[[ Dataset, beginning ]]

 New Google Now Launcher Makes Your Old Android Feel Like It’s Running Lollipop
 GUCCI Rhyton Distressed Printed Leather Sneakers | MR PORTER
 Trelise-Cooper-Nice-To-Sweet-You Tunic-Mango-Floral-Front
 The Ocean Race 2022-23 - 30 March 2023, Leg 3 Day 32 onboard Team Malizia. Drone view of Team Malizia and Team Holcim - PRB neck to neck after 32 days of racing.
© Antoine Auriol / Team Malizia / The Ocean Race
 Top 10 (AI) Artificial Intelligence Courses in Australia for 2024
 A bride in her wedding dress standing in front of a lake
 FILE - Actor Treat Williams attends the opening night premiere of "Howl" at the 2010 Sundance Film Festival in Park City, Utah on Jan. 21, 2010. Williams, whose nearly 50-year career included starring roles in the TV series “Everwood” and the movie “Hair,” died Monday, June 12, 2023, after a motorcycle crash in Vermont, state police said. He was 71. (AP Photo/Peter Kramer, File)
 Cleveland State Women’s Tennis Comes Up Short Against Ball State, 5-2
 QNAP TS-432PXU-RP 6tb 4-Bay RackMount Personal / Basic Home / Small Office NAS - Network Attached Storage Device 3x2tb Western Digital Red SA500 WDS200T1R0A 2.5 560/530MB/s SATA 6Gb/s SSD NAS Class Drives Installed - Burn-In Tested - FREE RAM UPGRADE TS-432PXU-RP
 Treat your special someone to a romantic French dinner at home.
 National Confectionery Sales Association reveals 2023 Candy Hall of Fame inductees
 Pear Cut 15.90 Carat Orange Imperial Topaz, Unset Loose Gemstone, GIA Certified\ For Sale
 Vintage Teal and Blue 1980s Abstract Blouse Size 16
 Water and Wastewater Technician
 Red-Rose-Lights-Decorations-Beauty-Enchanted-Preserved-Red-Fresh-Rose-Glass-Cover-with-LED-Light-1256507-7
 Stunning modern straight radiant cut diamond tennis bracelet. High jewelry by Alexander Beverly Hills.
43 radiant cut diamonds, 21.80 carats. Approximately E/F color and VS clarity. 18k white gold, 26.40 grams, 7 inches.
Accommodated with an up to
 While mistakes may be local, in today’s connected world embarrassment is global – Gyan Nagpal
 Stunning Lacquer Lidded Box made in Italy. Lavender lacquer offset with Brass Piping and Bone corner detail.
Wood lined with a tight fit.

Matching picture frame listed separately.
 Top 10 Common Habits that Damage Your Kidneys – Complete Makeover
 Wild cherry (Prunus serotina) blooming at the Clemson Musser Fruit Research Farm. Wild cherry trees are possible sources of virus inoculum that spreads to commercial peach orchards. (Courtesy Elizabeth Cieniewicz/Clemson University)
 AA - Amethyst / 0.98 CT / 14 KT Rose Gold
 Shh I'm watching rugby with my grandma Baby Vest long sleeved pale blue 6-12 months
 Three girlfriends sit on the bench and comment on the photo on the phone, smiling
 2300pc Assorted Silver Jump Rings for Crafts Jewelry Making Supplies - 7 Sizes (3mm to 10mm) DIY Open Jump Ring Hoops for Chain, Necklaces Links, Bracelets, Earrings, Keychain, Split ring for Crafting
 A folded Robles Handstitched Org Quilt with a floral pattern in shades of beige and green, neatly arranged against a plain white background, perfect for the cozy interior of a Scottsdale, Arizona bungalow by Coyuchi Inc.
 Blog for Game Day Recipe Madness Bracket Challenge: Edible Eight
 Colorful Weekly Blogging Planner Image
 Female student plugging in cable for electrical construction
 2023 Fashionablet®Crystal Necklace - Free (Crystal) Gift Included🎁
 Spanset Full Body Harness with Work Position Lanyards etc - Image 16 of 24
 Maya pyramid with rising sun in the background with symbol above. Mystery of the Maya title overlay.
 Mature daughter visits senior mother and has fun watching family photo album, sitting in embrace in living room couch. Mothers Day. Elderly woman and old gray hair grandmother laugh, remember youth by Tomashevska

[[ Dataset, end ]]

● **Task to carry out**:
Only the lines from the first line of the records through the line with "A bride in her" should be reproduced, exactly and with nothing added.

● **The answer**:
 New Google Now Launcher Makes Your Old Android Feel Like It’s Running Lollipop
 GUCCI Rhyton Distressed Printed Leather Sneakers | MR PORTER
 Trelise-Cooper-Nice-To-Sweet-You Tunic-Mango-Floral-Front
 The Ocean Race 2022-23 - 30 March 2023, Leg 3 Day 32 onboard Team Malizia. Drone view of Team Malizia and Team Holcim - PRB neck to neck after 32 days of racing.
© Antoine Auriol / Team Malizia / The Ocean Race
 Top 10 (AI) Artificial Intelligence Courses in Australia for 2024
 A bride in her wedding dress standing in front of a lake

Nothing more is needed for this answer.